Bridgepoint is a for-profit educator with $713 million in sales, $128 million in net income and a market capitalization of $1.2 billion. It offers associate’s, bachelor’s, master’s and doctoral programs in business, education, psychology, social sciences and health sciences. It delivers the courses online and in traditional campus programs located in Clinton, Iowa, and Colorado Springs, Colo. At the end of 2010 Bridgepoint offered 1,345 courses, 71 degree programs and 134 specializations with 77,892 students enrolled.

In June 2010, Bridgepoint was on the radar of a hedge fund honcho, Steve Eisman. As I posted then, Eisman expected the shares of companies in the industry to drop because he expected Washington to clamp down on the industry’s abuses. For example, he found evidence that for-profit education companies were engaged in overly aggressive tactics to recruit students who lacked the resources to repay the $21 billion of government loans (up 450% during the Bush Administration), called Title IV funding, that students take to pay for the courses. And these for-profit educators are hugely profitable — earning a five-year average return on equity of 28% — far exceeding the S&P 500 average of 19.4%. 

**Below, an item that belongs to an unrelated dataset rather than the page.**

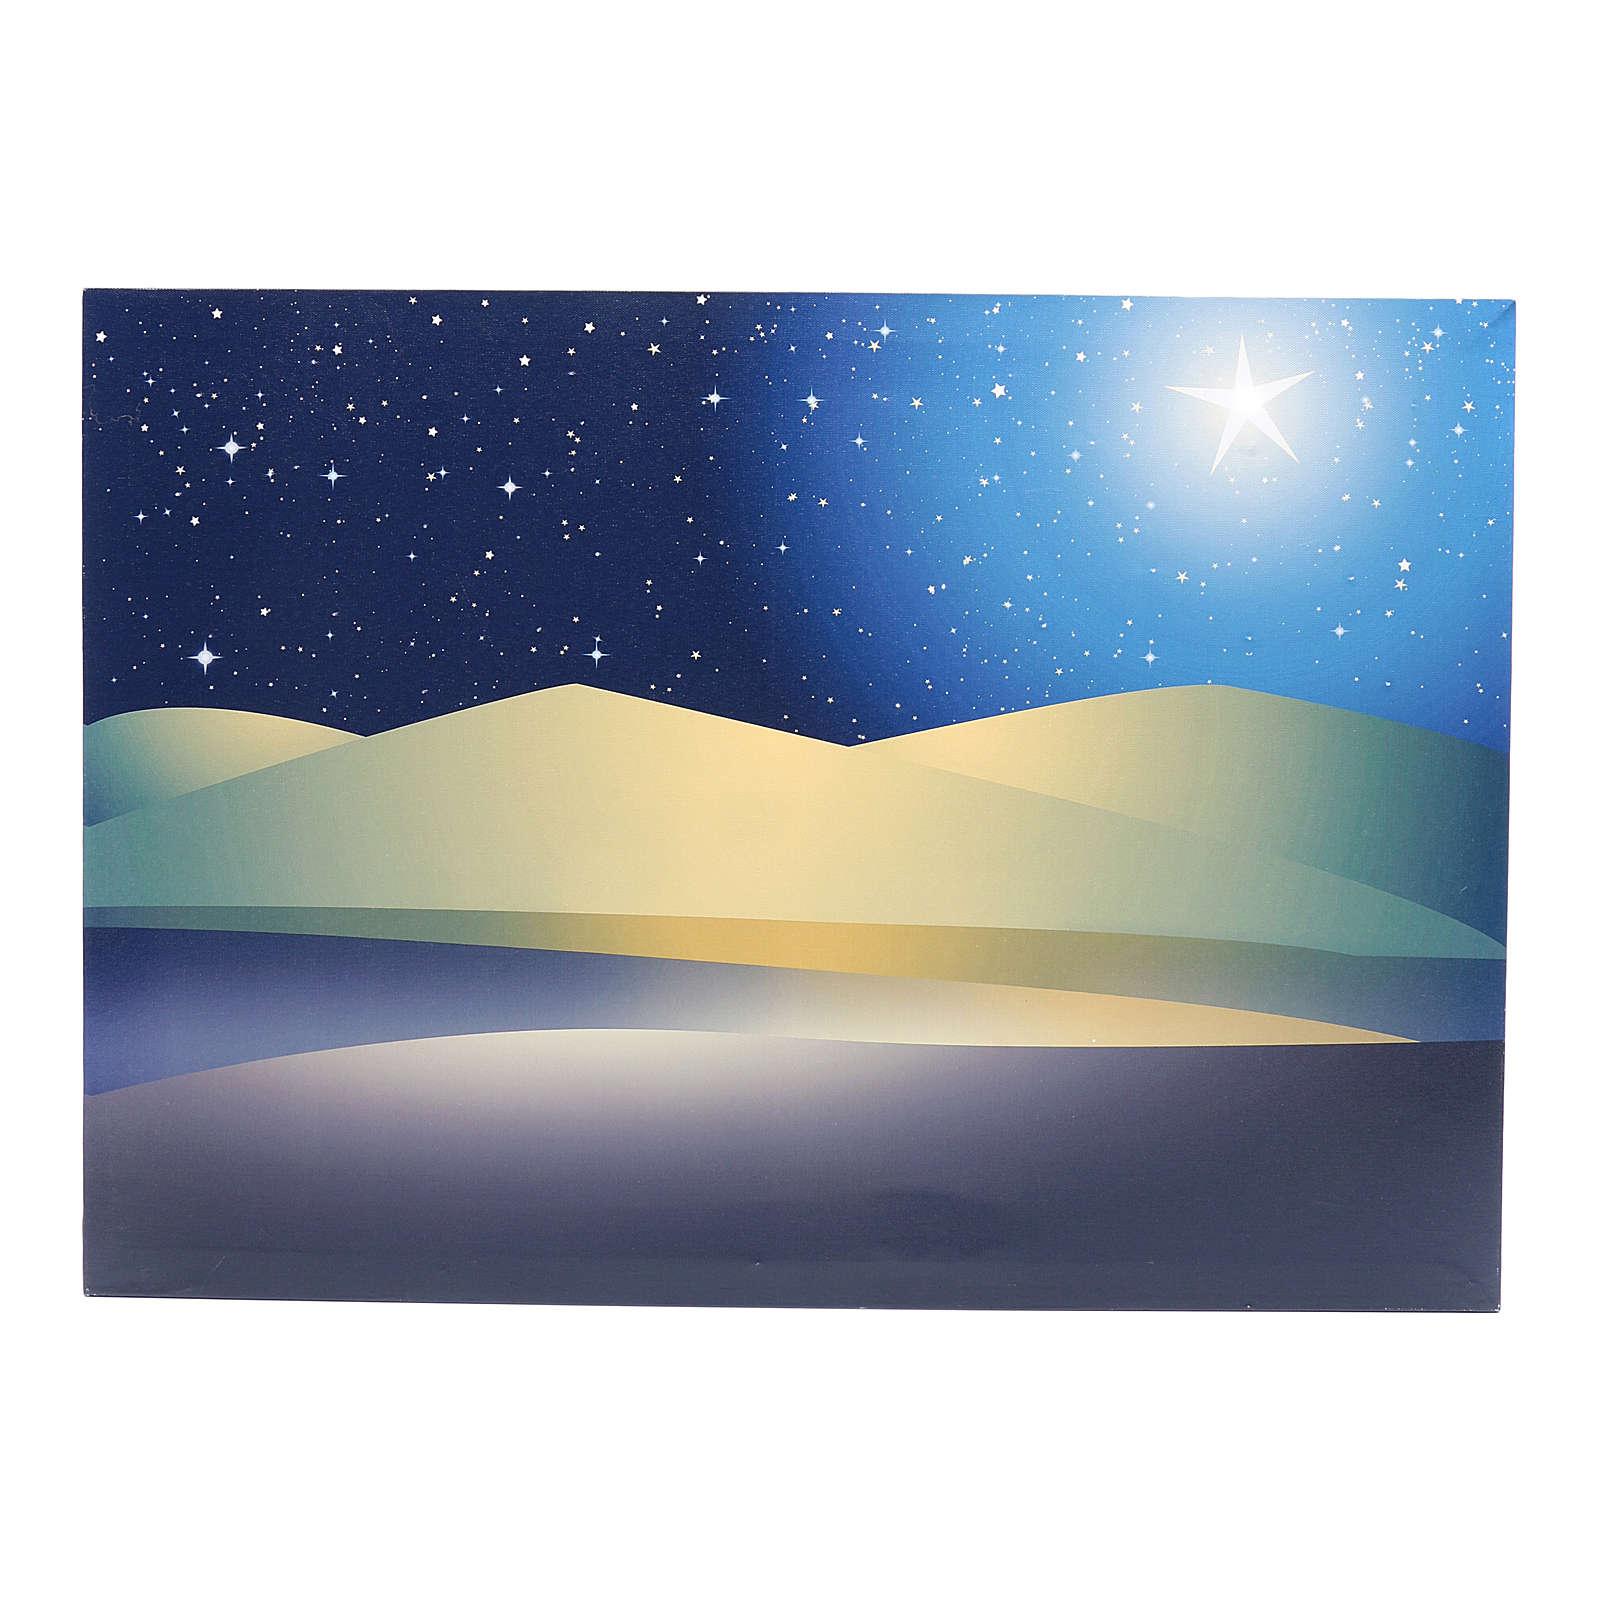 Fondo estrellas iluminadas led 50x70 cm 4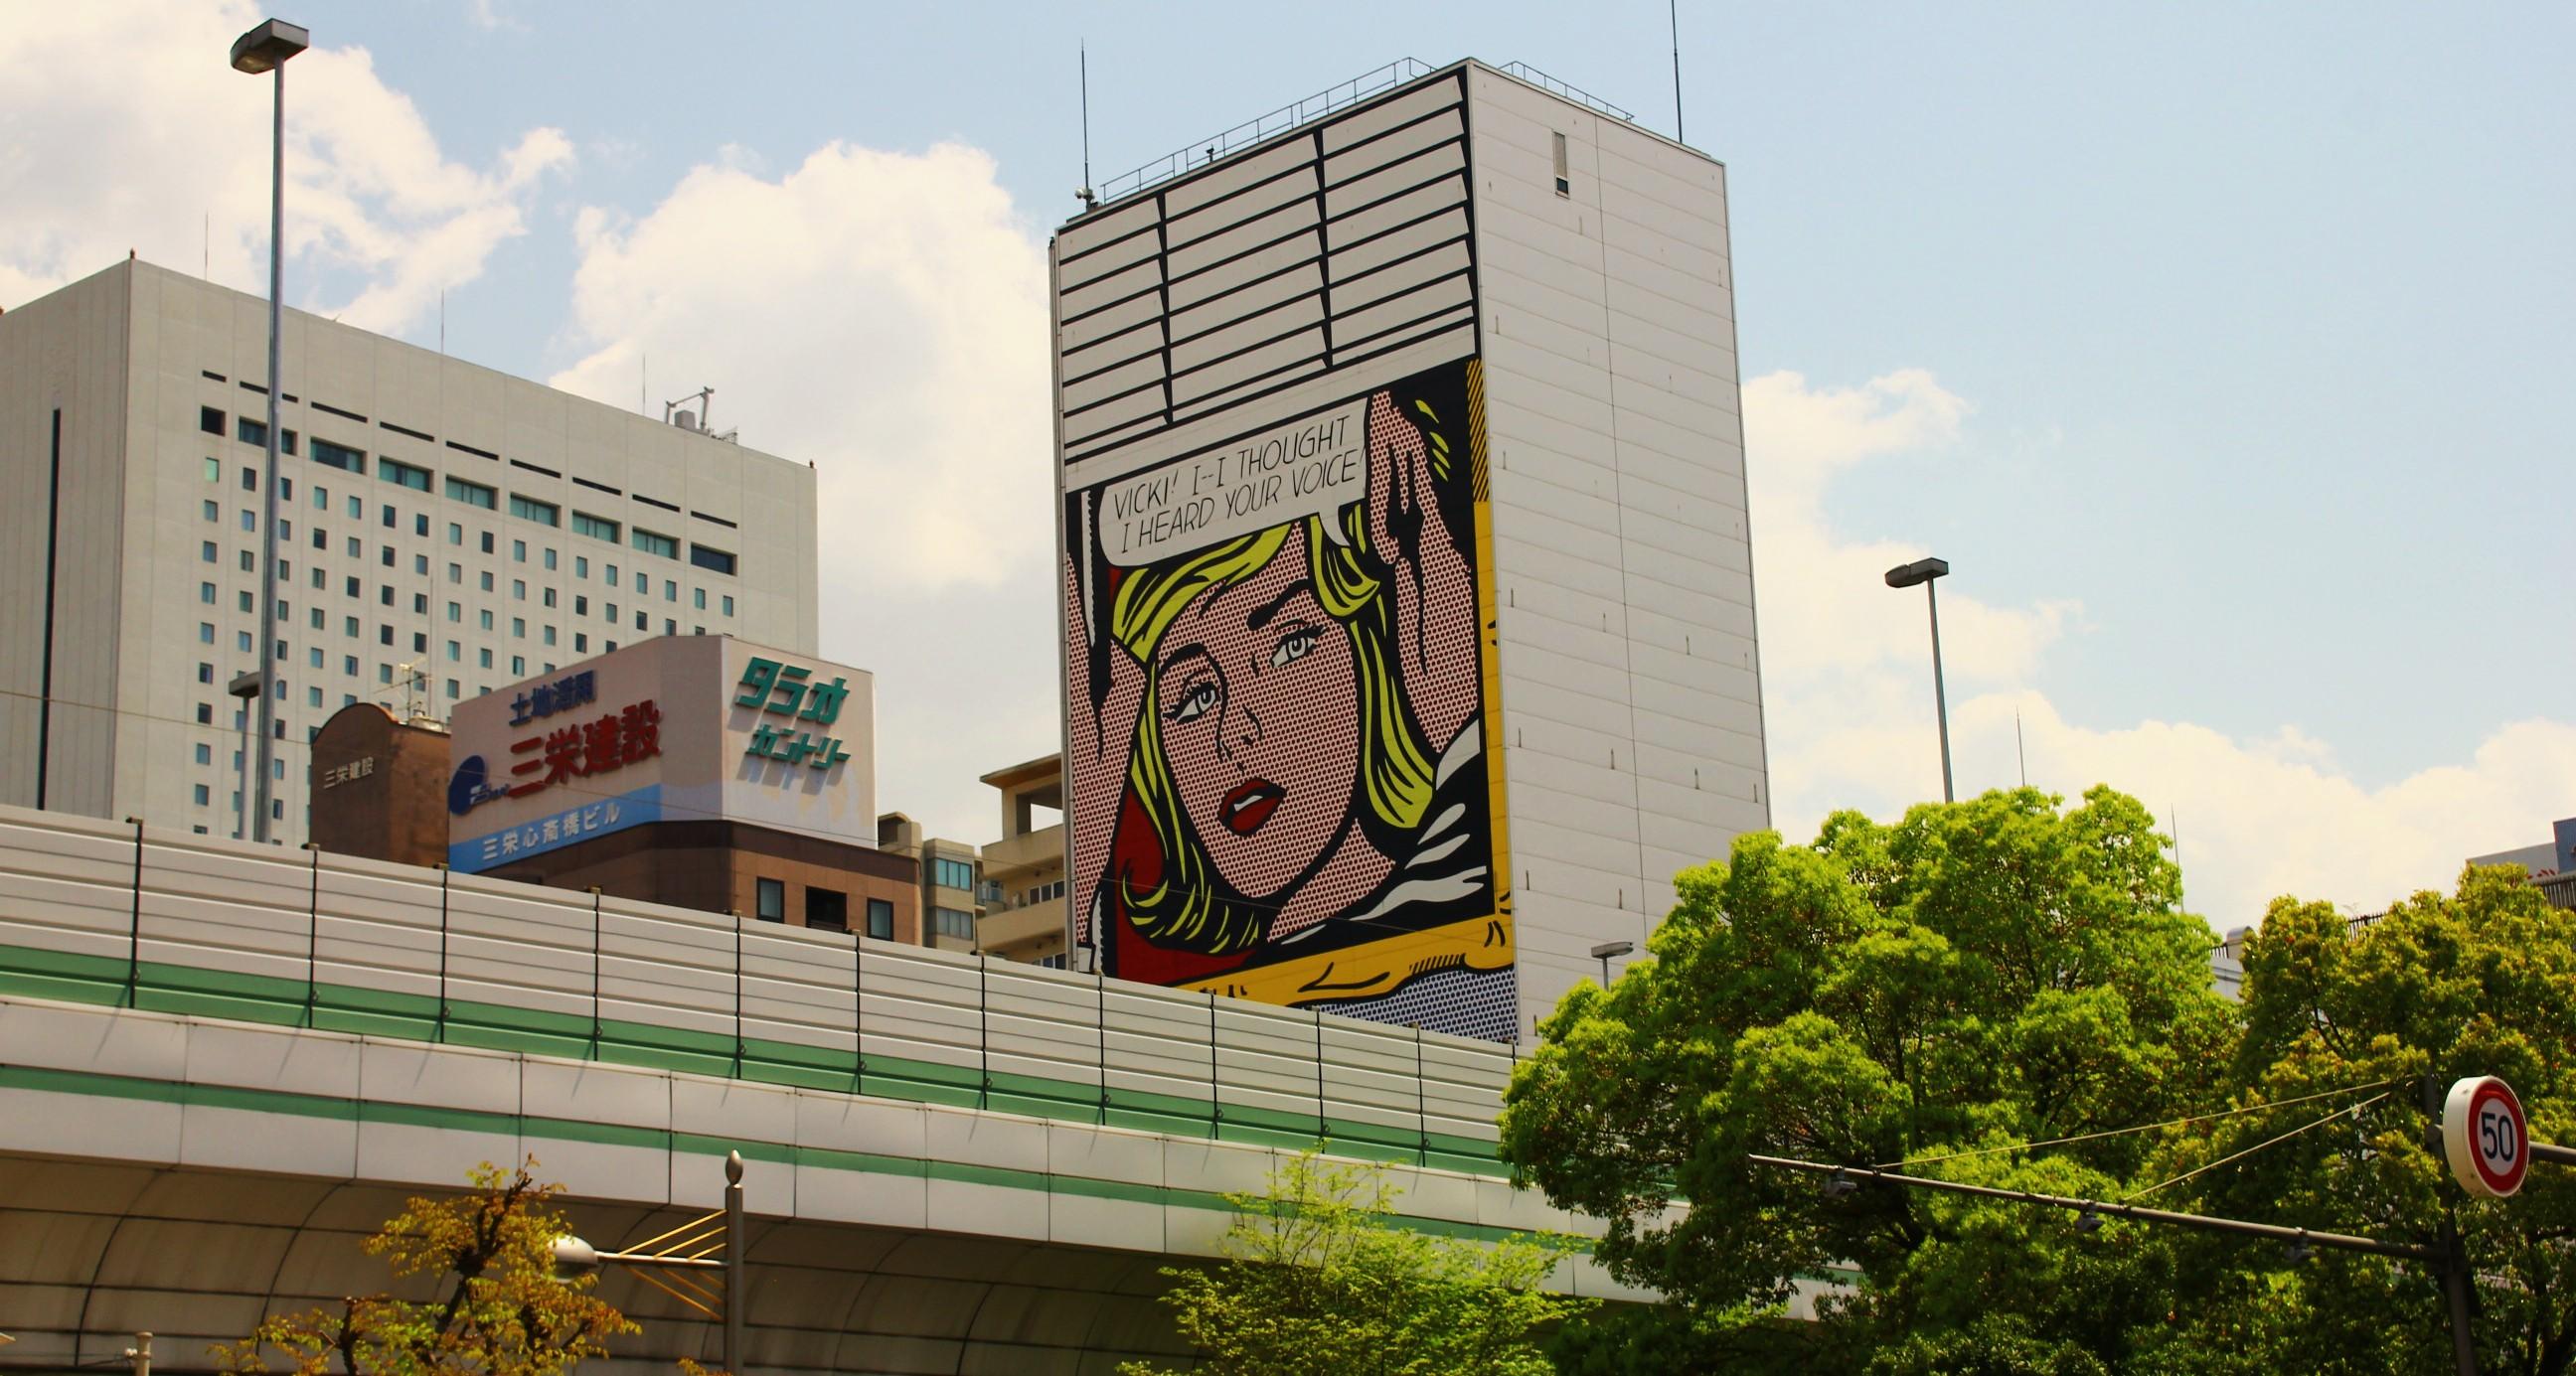 Osaka street art vicki i thought i heard your voice by roy image image voltagebd Images

The tactics of the for-profit education industry produced many unhappy students, but since the for-profit educators were not responsible for the loans, they reaped high profits. The result at 400,000-student University of Phoenix was that between 88% and 96% of students did not complete their degrees and could not repay loans that ranged between $100,000 and $200,000 — sticking the government with the problem of collecting, according to Business Insider.

Those sales tactics were indeed appalling. According to a Bridgepoint memo I quoted in my post, “The level of deception is disgusting — and wrong. When someone who can barely afford to live and feed kids as it is, and doesn’t even have the time or education to be able to email [enrolls], they drop out. Then what? Add $20,000 of debt to their problems — what are they gonna do now. They are officially screwed. We know most of these people will drop out, but again, we have quotas and we have no choice.”

Nevertheless, I warned then against shorting the stock because it was unclear whether any regulations would actually change. That turned out to be right — since June 4, 2010 when I wrote my post and Wednesday, Bridgepoint’s stock has risen 20%. If you had shorted the stock then and closed your position today, that would not have been a profitable trade.

What happened is that the for-profit education industry spent $12 million lobbying the Department of Education to take the rough edges off the rules changes, according to the New York Times. The result was much softer-than-expected standards for letting for-profit educators get their hands on taxpayer-funded loans. Now, a for-profit education company gets three chances to comply with the following standards before being cut off from the government gravy train:

  • Under 35% of its graduates are repaying student loan principal three years out, and,
  • Loan payments are more than 30% of discretionary income more than 12% of total earnings

The Education Department estimated that these rules would only affect a tiny fraction of the for-profit education industry. Specifically, it estimates that 5% of the 13,155 for-profit programs covered by the rules, and 1% of the 42,290 public and nonprofit programs, would lose their eligibility for those government loans.

Based on its stock price response, it looks like the rules will leave Bridgepoint unscathed. Meanwhile, last month the company raised its 2011 forecast for revenue and profit. 

Should you add Bridgepoint to your portfolio? To think about that, we can look at its price-to-earnings-to-growth (PEG) ratio — a way to determine whether the value that the market assigns a stock is justified by the rate at which it expects the company’s earnings to grow. I think a PEG of 1.0 is a fair price, and anything below that is a bargain.

If you believe analysts’ estimates, the answer is no. That’s because, rather than grow, earnings are forecast to decline 1.2% to $2.54 a share in 2012 after rising this year to $2.57 a share.

However, if you’re looking for a reason to buy the stock, it’s worth noting that over the last five quarters, Bridgepoint has beaten expectations by an average of 30.5%. If it does that in 2012, its stock looks cheap at a P/E of 9.2.

If you have a moral aversion to investing in tobacco companies, you probably won’t want to own Bridgepoint shares either. Otherwise, it looks like they’re going to continue rolling uphill.

Peter Cohan has no financial interest in the securities mentioned.